FAQ #2: Do I need a multivitamin?

No, but taking a good multivitamin helps plug nutritional “holes” in your diet, boost your intake of certain vitamins and minerals that improve health and wellness, and can provide beneficial ingredients that are difficult or impossible to obtain from food.

FAQ #3: Is it good to take a multivitamin every day?

Yes (unless stated otherwise on the label).

Taking a multivitamin daily is the best way to ensure you get enough vitamins, minerals, and nutrients to optimize your health.

FAQ #4: Can you take a multivitamin at night?

Yes.

That said, your body absorbs some fat-soluble ingredients in multivitamins better when you take them with food.

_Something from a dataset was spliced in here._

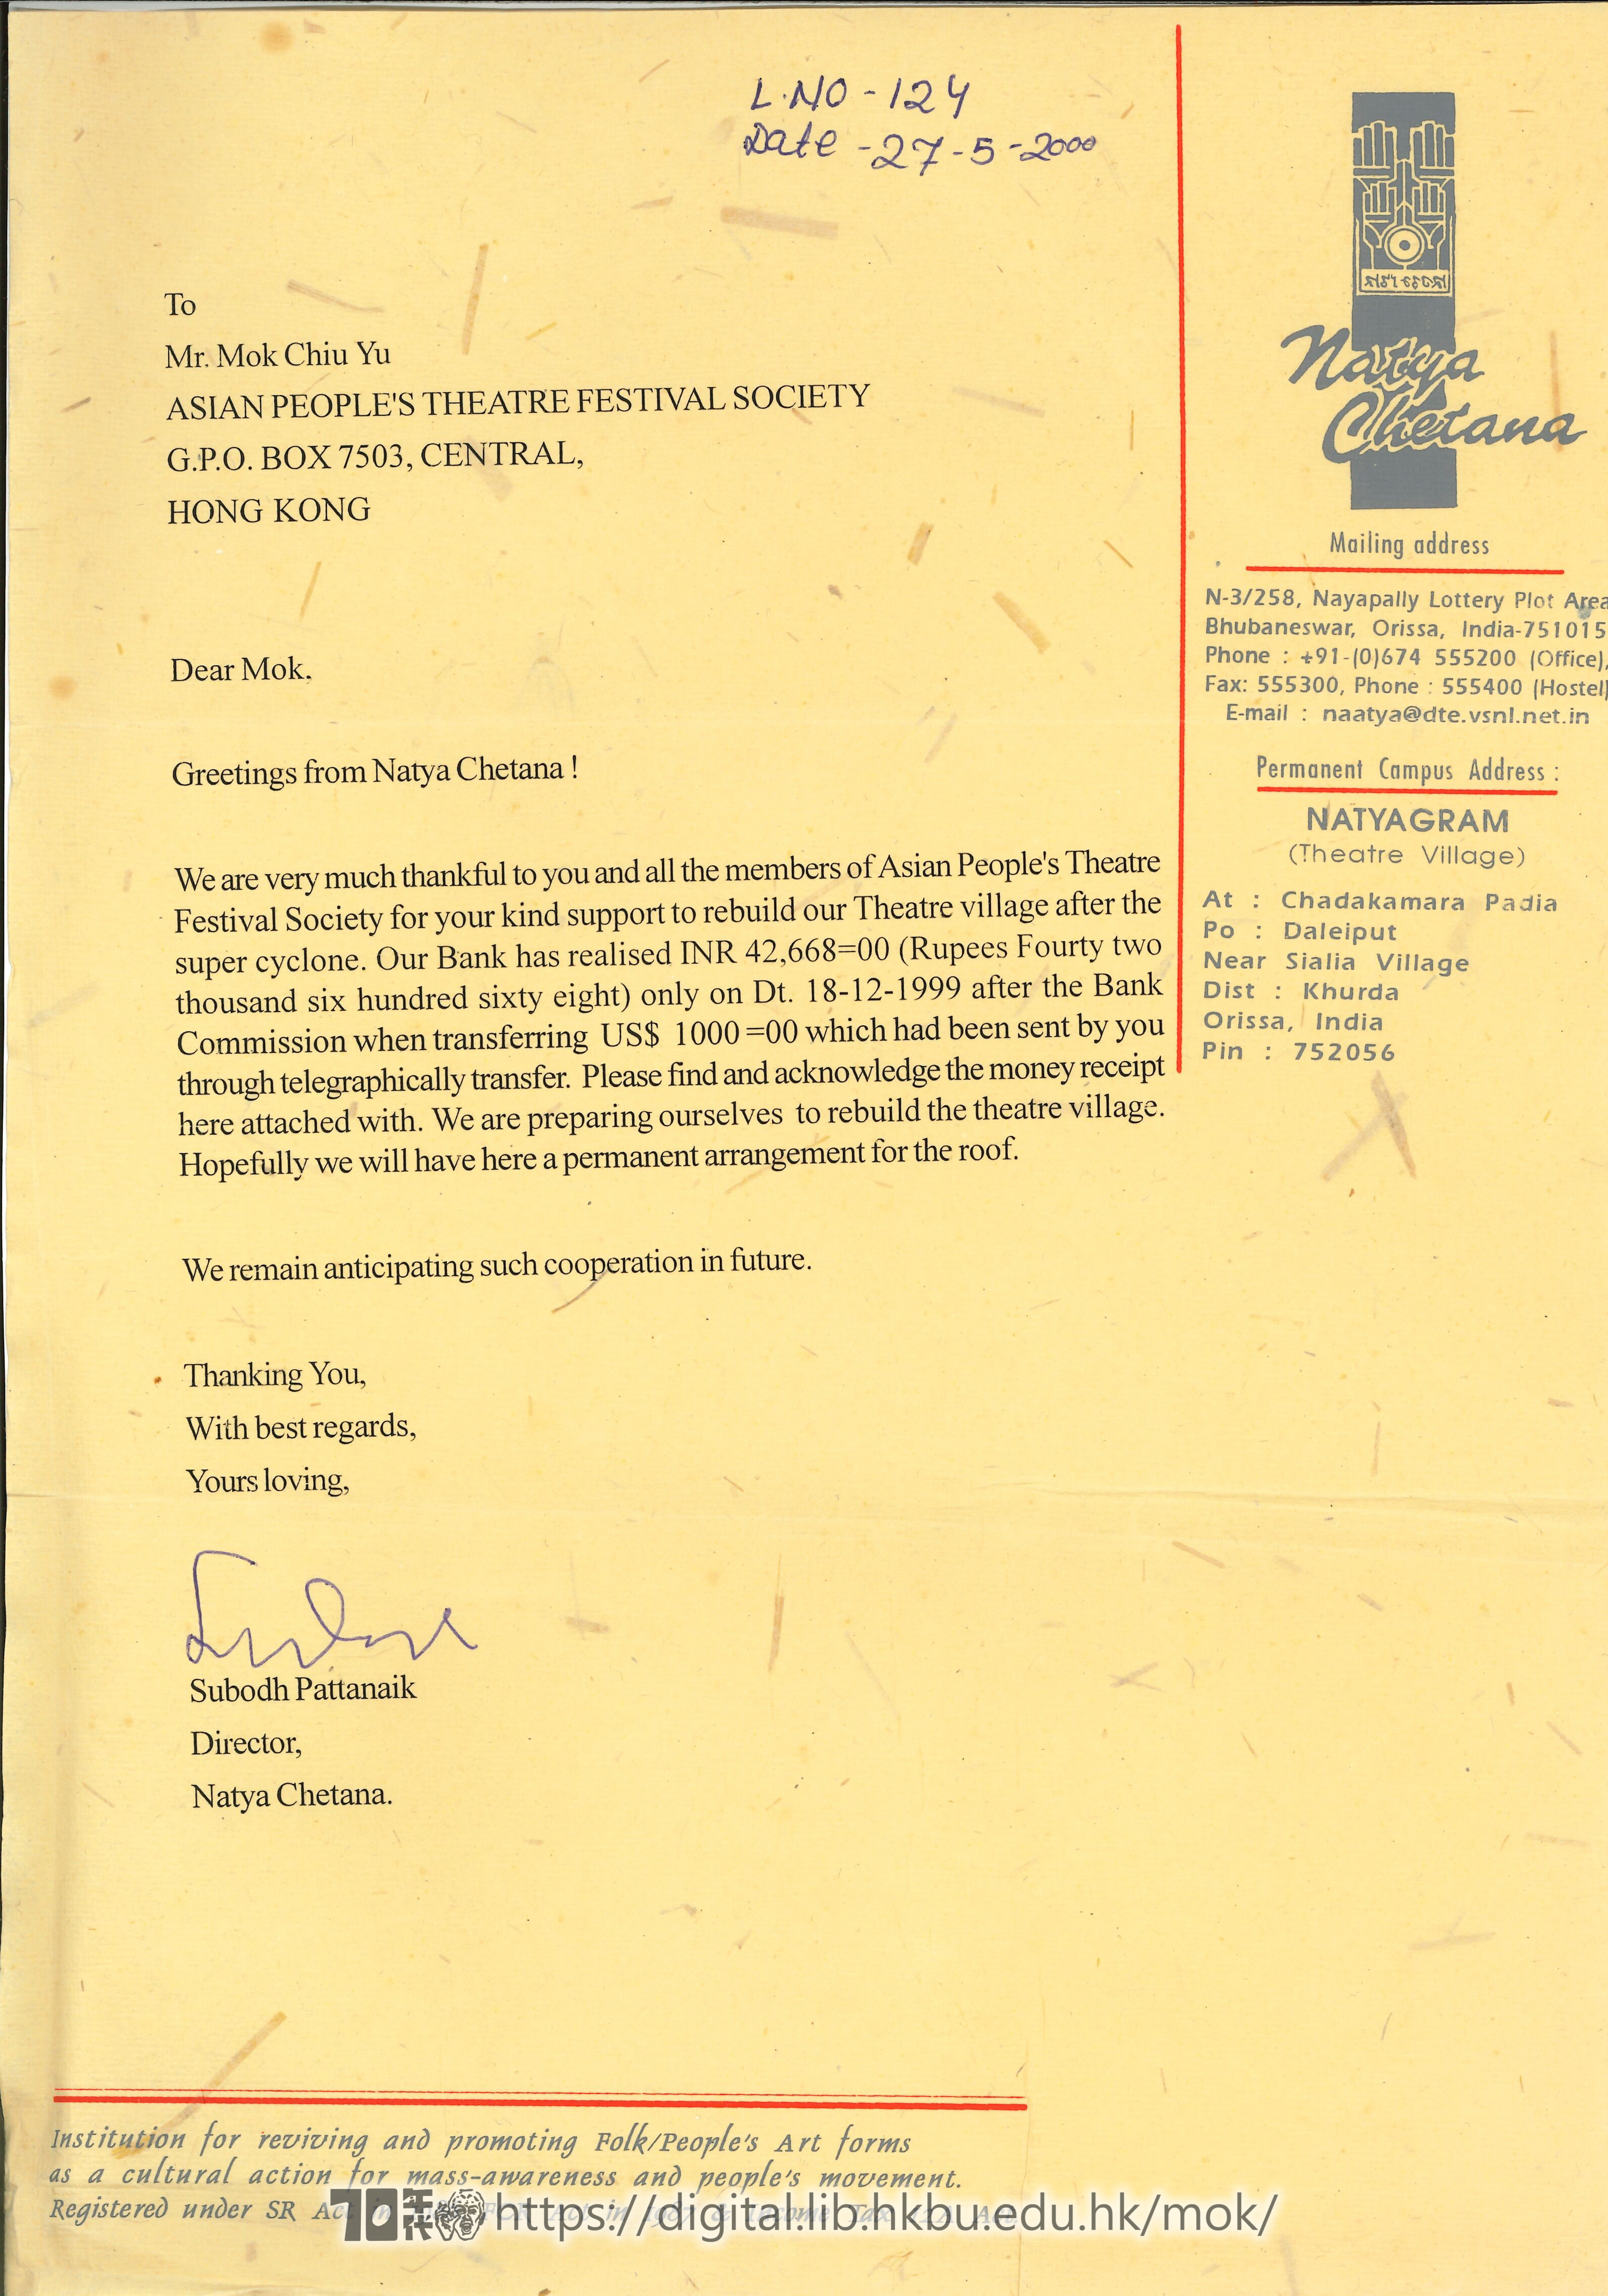   Letter and receipt from Subodh Pattanaik (director of Natya Chetana, India)  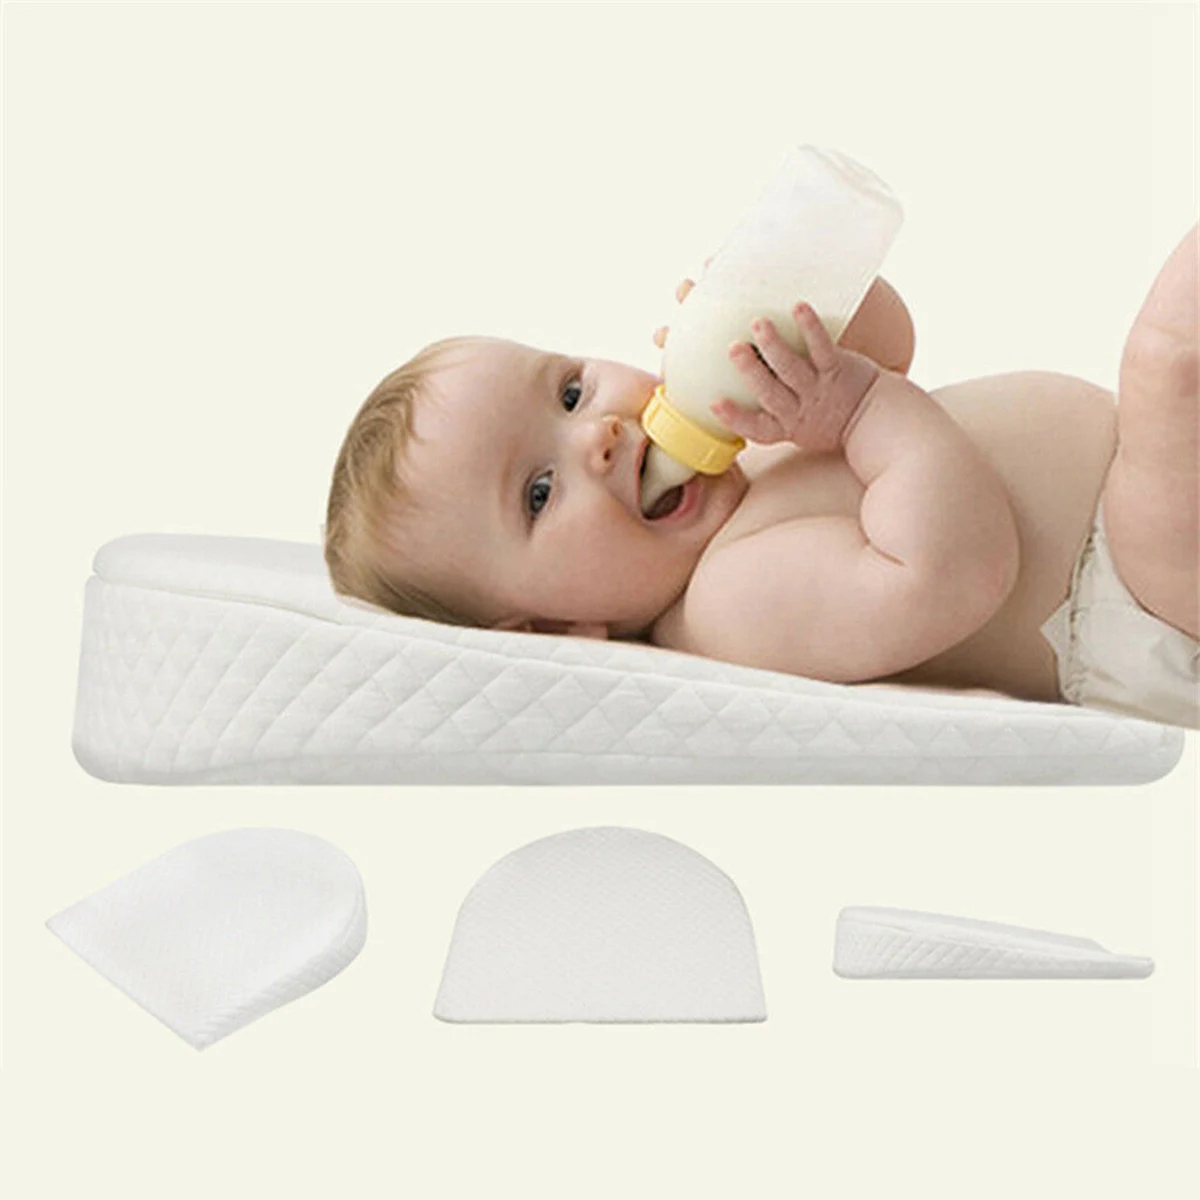 

Baby Anti-Spit Milk Wedges Pillow Newborn Reflux Slow Memory Foam Sleeping Pillows Infant Crib Inclines Mattress Position

Thus, it’s probably best to take your multivitamin with your evening meal rather than immediately before bed.

FAQ #5: What is a “complete multivitamin?”

A complete multivitamin is a supplement that claims to provide 100% of every vitamin, mineral, and nutrient you need in a single daily pill.

While this sounds appealing, complete multivitamins rarely (if ever) deliver on their promise. That’s because the only way supplement companies can put everything you need into a single daily pill is if they use too little of some key nutrients and none of others.

And that’s why most good multivitamins require taking at least a few pills per day to allow for optimal dosing and absorption.